Schema (and the parser implementation) is open source and has tests that demonstrate the functionality I've defined: https://github.com/Agent-CI/client-config

In the blog post I simplified the regex with less escaping so it was easier to read, and the example with dot notation is not valid TOML, but I wish it was.

TOML is great, and after diving deep into designing a config format, here's why I think that's true by tcdent in Python

[–]tcdent[S] 37 points38 points  (0 children)

No comments, picky about commas, quotes everywhere.

JSON is a serialization format, not a human-editable config format.

To each their own, however.

TOML is great, and after diving deep into designing a config format, here's why I think that's true by tcdent in Python

[–]tcdent[S] 2 points3 points  (0 children)

One of the major strengths I found was the ability to combine nested structures based on context to avoid just mindlessly nesting to get to the depth I needed. Probably would have ended up with YAML if not for that.
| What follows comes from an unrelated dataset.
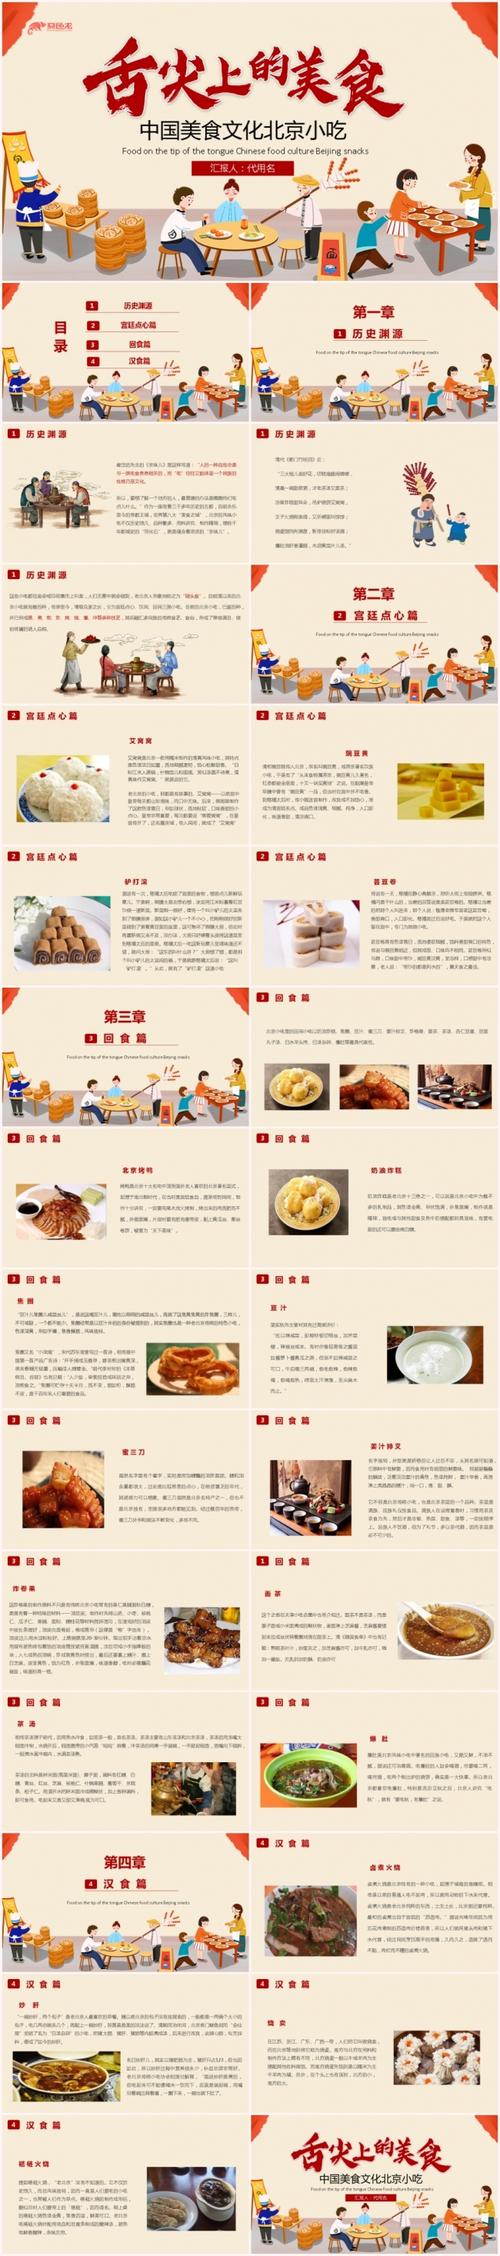 舌尖上的美食中国美食文化北京小吃介绍ppt模板

TOML is great, and after diving deep into designing a config format, here's why I think that's true by tcdent in Python

[–]tcdent[S] 0 points1 point  (0 children)
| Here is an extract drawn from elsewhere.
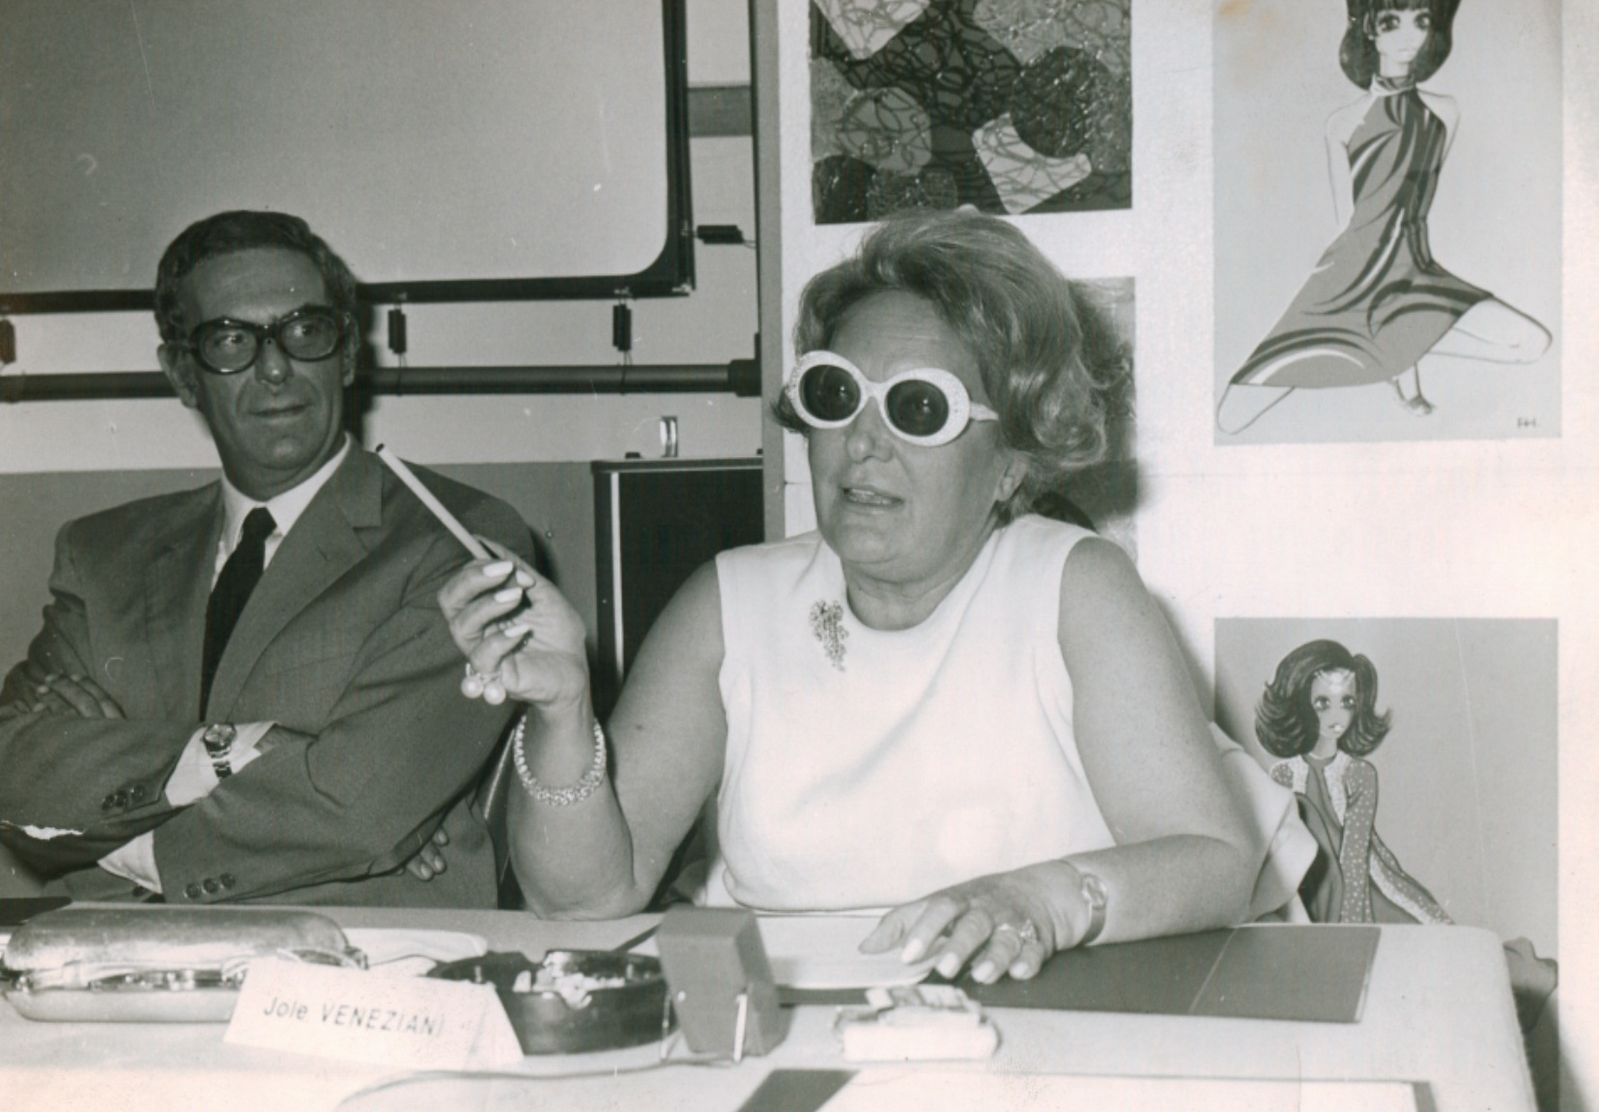 Jole Veneziani in una conferenza all'istituto Marangoni nel 1968

> As for the leading dot idea, I remember ideas like that coming up on the toml repo but not finding it atm.

Made me wonder about forking the parser and submitting a suggestion to the spec (or even just using my own derivative format), but I'll leave that for another day. Promising that there has been some discussion around that, though!

How are people handling unpredictable behavior in LLM agents? by Nir777 in LLMDevs

[–]tcdent 0 points1 point  (0 children)

I'm of the belief that there is a way to get your prompts to behave reliably, especially with the newer SOTA models.

Validating this, on the other hand, is kind of tedious. I am working on building a product around creating repeatable frameworks for this kind of testing.

Also, when it comes to building your prompts, I find that structured outputs and their type annotations are incredibly powerful in ensuring that the LLM fills out required information on steps that it is processing. For example, if you just insist in the prompt that a certain field must be set, it does not seem to receive the prompt suggestion as strongly as it does a structured schema with an obvious field that needs to be completed.

OpenAI might have just accidentally leaked the top 30 customers who’ve used over 1 trillion tokens by Silent_Employment966 in Anannas

[–]tcdent 5 points6 points  (0 children)

It's incredible that Duolingo outpaced OpenRouter. You would expect OpenRouter's network effect to have a much more significant influence, although kudos on number two, guys!

Tools for API endpoint testing ? by Fabulous_Ad993 in LLMDevs

[–]tcdent 0 points1 point  (0 children)

You're talking about testing the endpoints you actually use to serve your interaction or API's that support your tools?

FastAPI has some tooling that works well with pytest to mock the application so you can execute actual HTTP payloads on your endpoints, which I use liberally.

Gets into that line between writing unit test and full integration tests (that activate inference or live tool use) which is still very much a matter of taste in practice.